UV irradiation can induce DNA photoproducts. Cyclobutane pyrimidine dimers (CPD) and pyrimidine (6-4) pyrimidone photoproducts (6-4 PP) have been completely isolated and characterized as UV-induced photodimers (14–16). Among the various UV-induced DNA repair mechanisms, nucleotide excision repair (NER) represents the most versatile and flexible DNA repair pathway in cells (17). NER recognizes bulky, helix-distorting changes, such as CPD and 6-4 PPs, as well as single-strand breaks. Xeroderma pigmentosum group A (XPA) gene plays an indispensable role in the NER pathway (18). XPA was cloned from patients with xeroderma pigmentosum (XP) complementation group A (19). XP is an autosomal recessive human disease that causes sensitivity to sunlight. Patients with XP have a high incidence of skin cancer on sun-exposed skin caused by loss of the ability to repair UV-induced DNA damage, especially in the early steps of NER (20). After UVB irradiation, XPA undergoes a dramatic cytoplasm-to-nucleus translocation via association with cytoplasmic GTPase XPA-binding protein 1 (XAB1; refs. 21, 22). Once inside the nucleus, XPA is a “docking” protein for components of the NER system. XPA is involved in both global and transcription-coupled DNA repair (18, 23, 24).
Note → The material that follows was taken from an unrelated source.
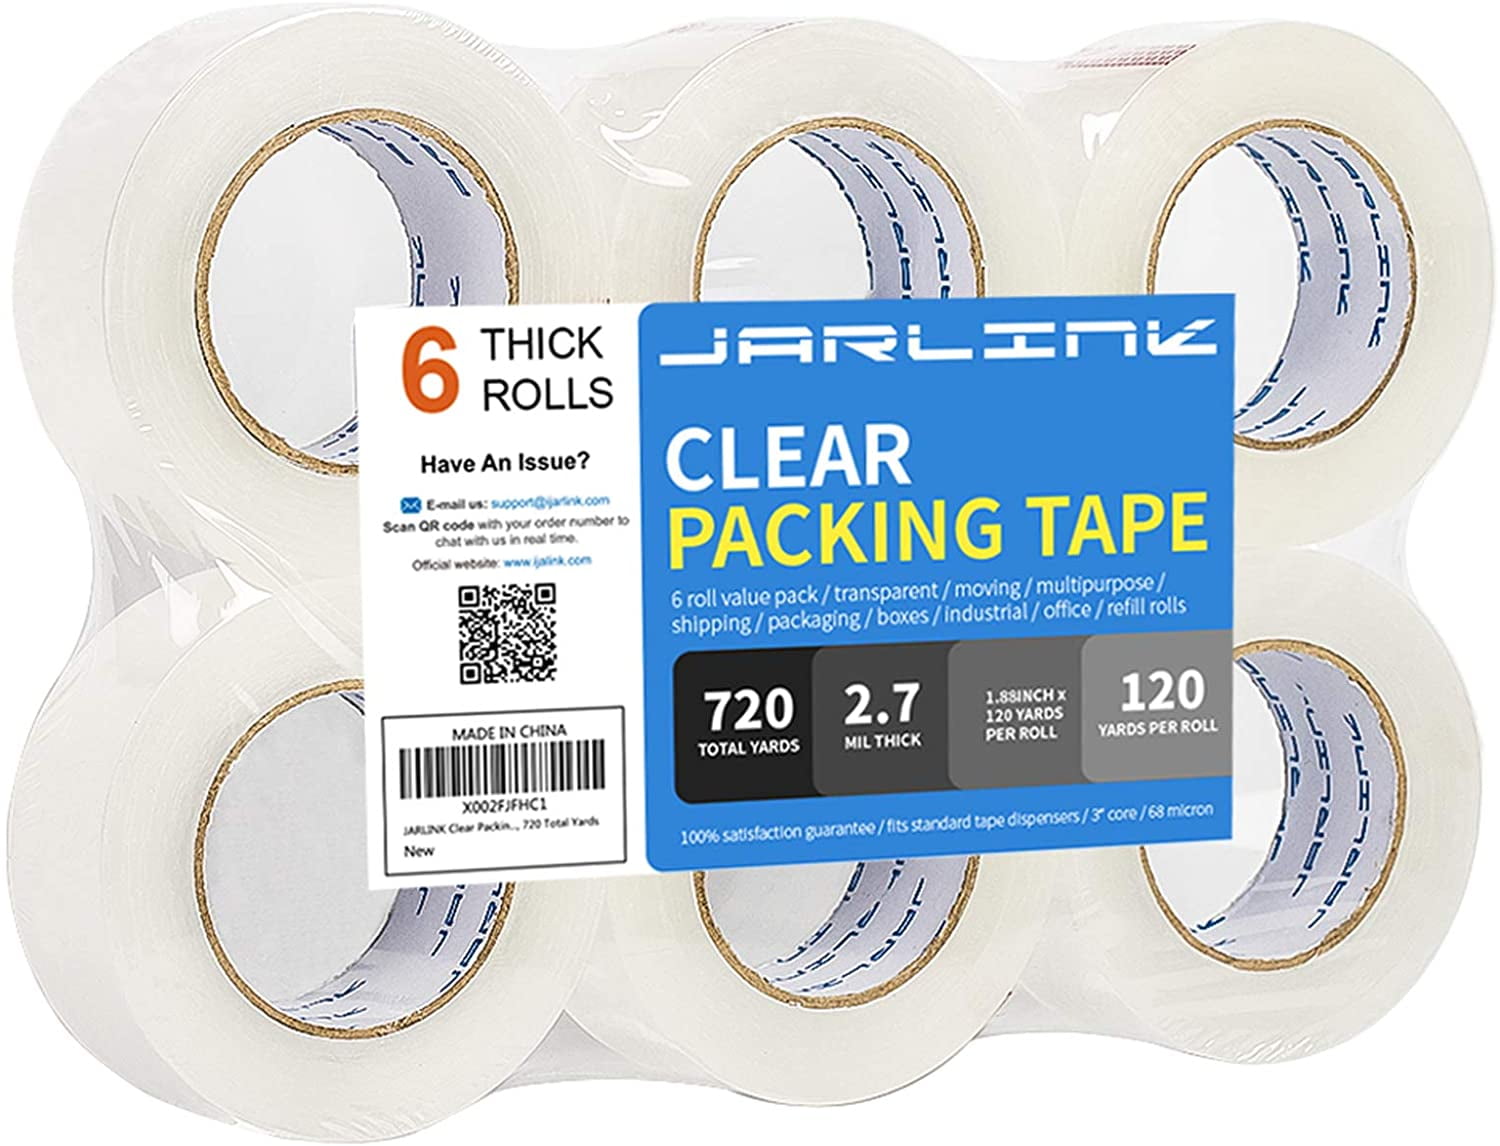 Clear Packing Tape 12 Rolls Office Packaging Shipping Heavy Duty Packing Tape Refill ,1.88 x 60 yd Designed for Moving Boxes Total 720

Here, we showed that the level of DNA damage was remarkably reduced in epidermis that had received α-MSH before UVB irradiation in vivo. Our in vitro studies showed that, independent of its effects on melanogenesis, α-MSH protects keratinocytes from UVB-induced DNA damage. We found that the protective effect of α-MSH for UV-induced DNA damage is mediated through both XAB1 and XPA proteins. Moreover, our results showed that α-MSH treatment activates XAB1 GTPase activity, the MC1R-cAMP-Epac signaling cascade, and subsequently augments the nuclear translocation of XPA protein to promote DNA repair. Together, these studies revealed an alternative mechanism through which α-MSH protects the skin from UVB irradiation. Besides expanding our knowledge on α-MSH signaling, our results suggested potential intervention strategies to reduce UVB-induced skin damage, which might even help prevent the development of various UVB-related skin diseases.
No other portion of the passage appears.